Data section:
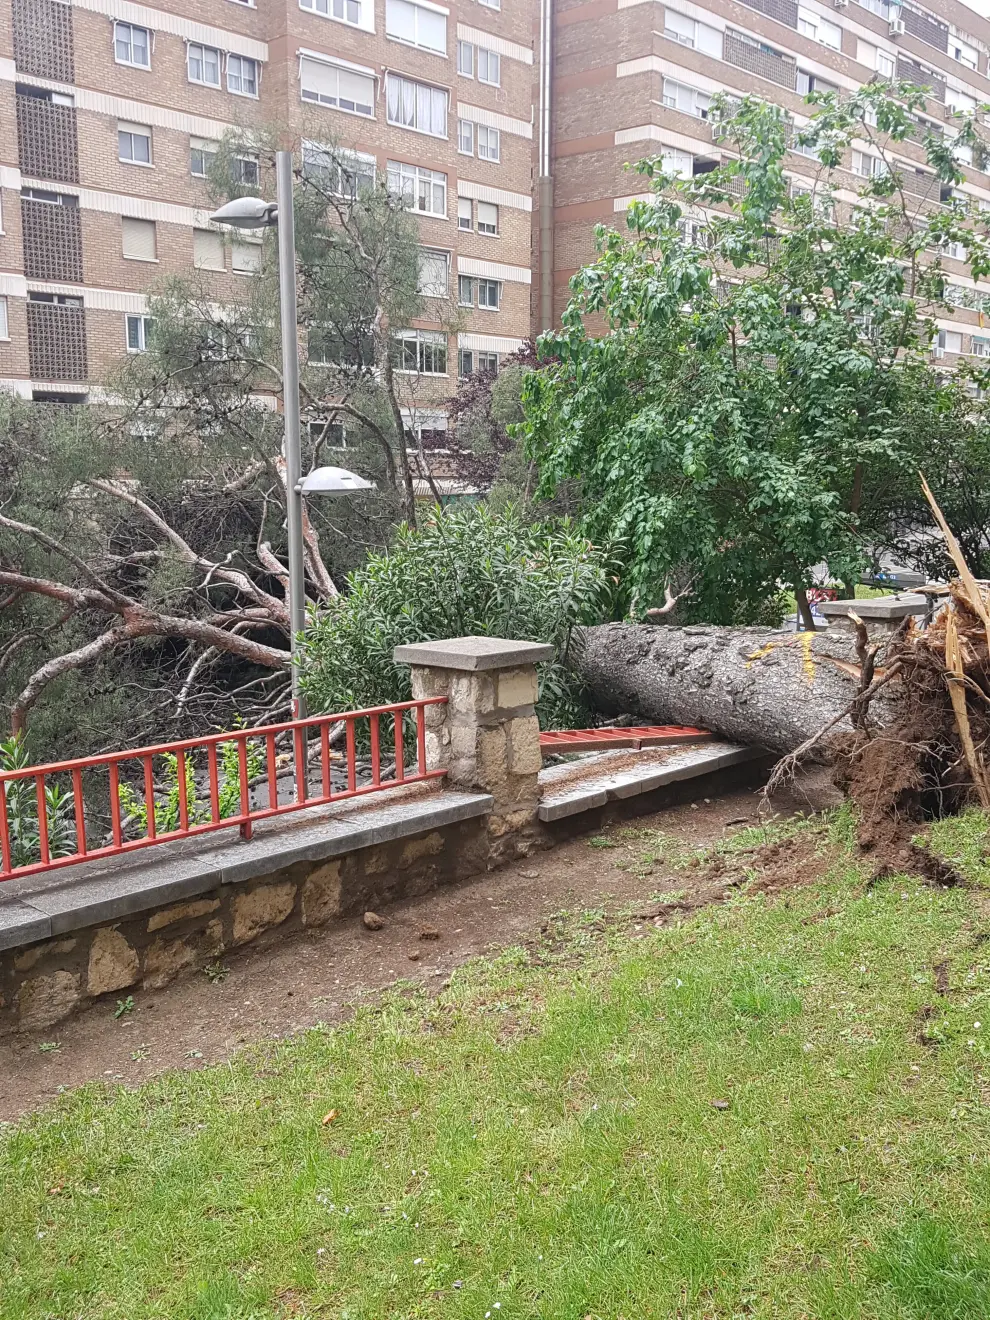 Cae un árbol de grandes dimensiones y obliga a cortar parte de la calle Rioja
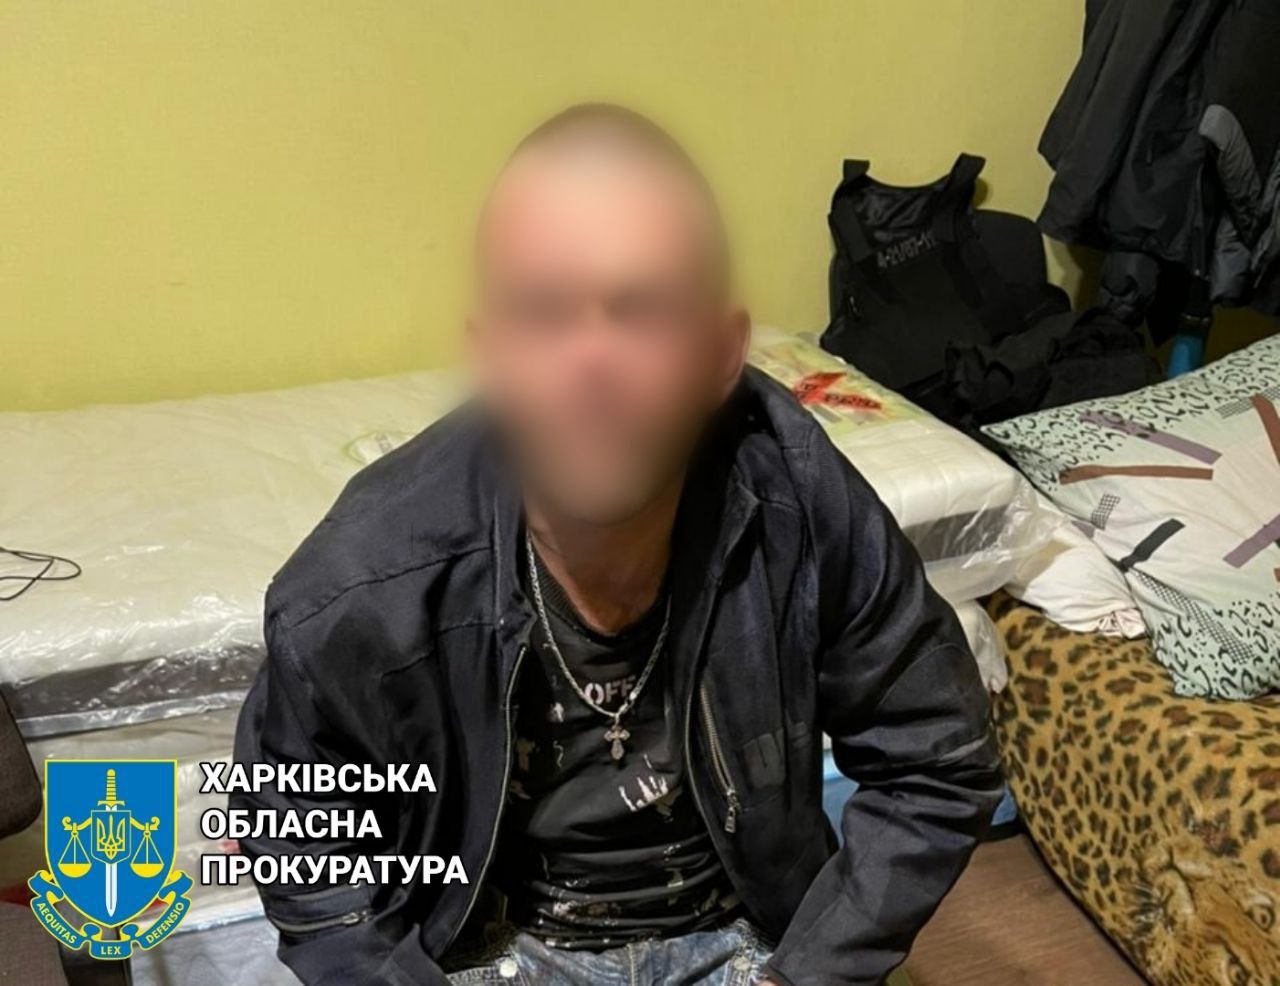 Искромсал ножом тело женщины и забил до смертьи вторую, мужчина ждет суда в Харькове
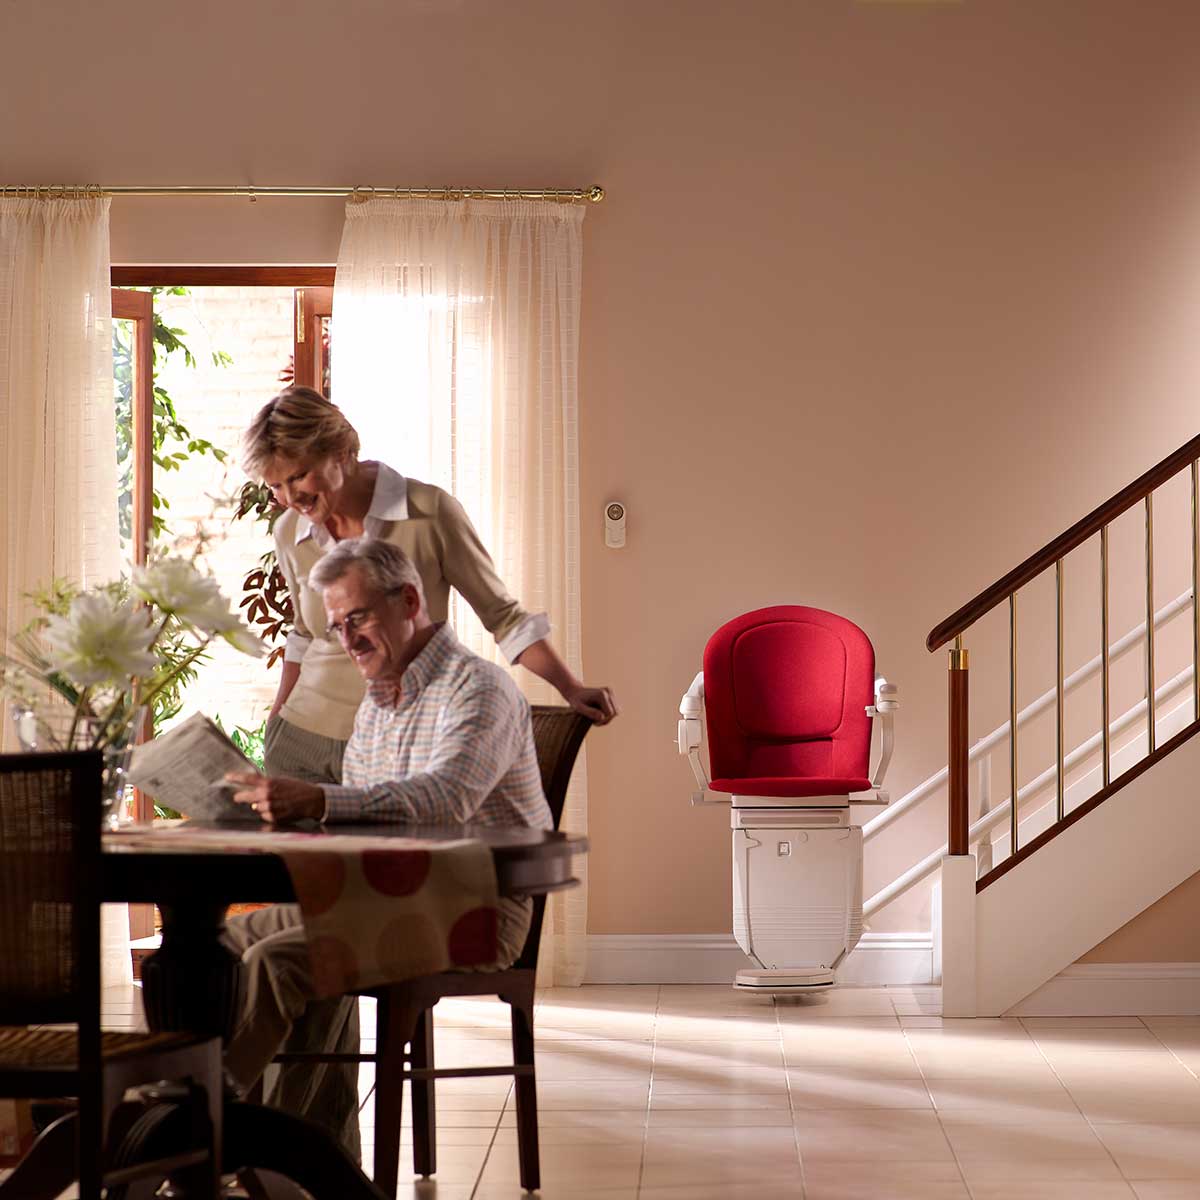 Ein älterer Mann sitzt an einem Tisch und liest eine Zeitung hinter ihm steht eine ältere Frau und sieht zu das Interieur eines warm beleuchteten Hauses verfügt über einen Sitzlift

Work task:
Repeat the listing verbatim. Skip the pictures.

Result:
 Cae un árbol de grandes dimensiones y obliga a cortar parte de la calle Rioja
 Искромсал ножом тело женщины и забил до смертьи вторую, мужчина ждет суда в Харькове
 Ein älterer Mann sitzt an einem Tisch und liest eine Zeitung hinter ihm steht eine ältere Frau und sieht zu das Interieur eines warm beleuchteten Hauses verfügt über einen Sitzlift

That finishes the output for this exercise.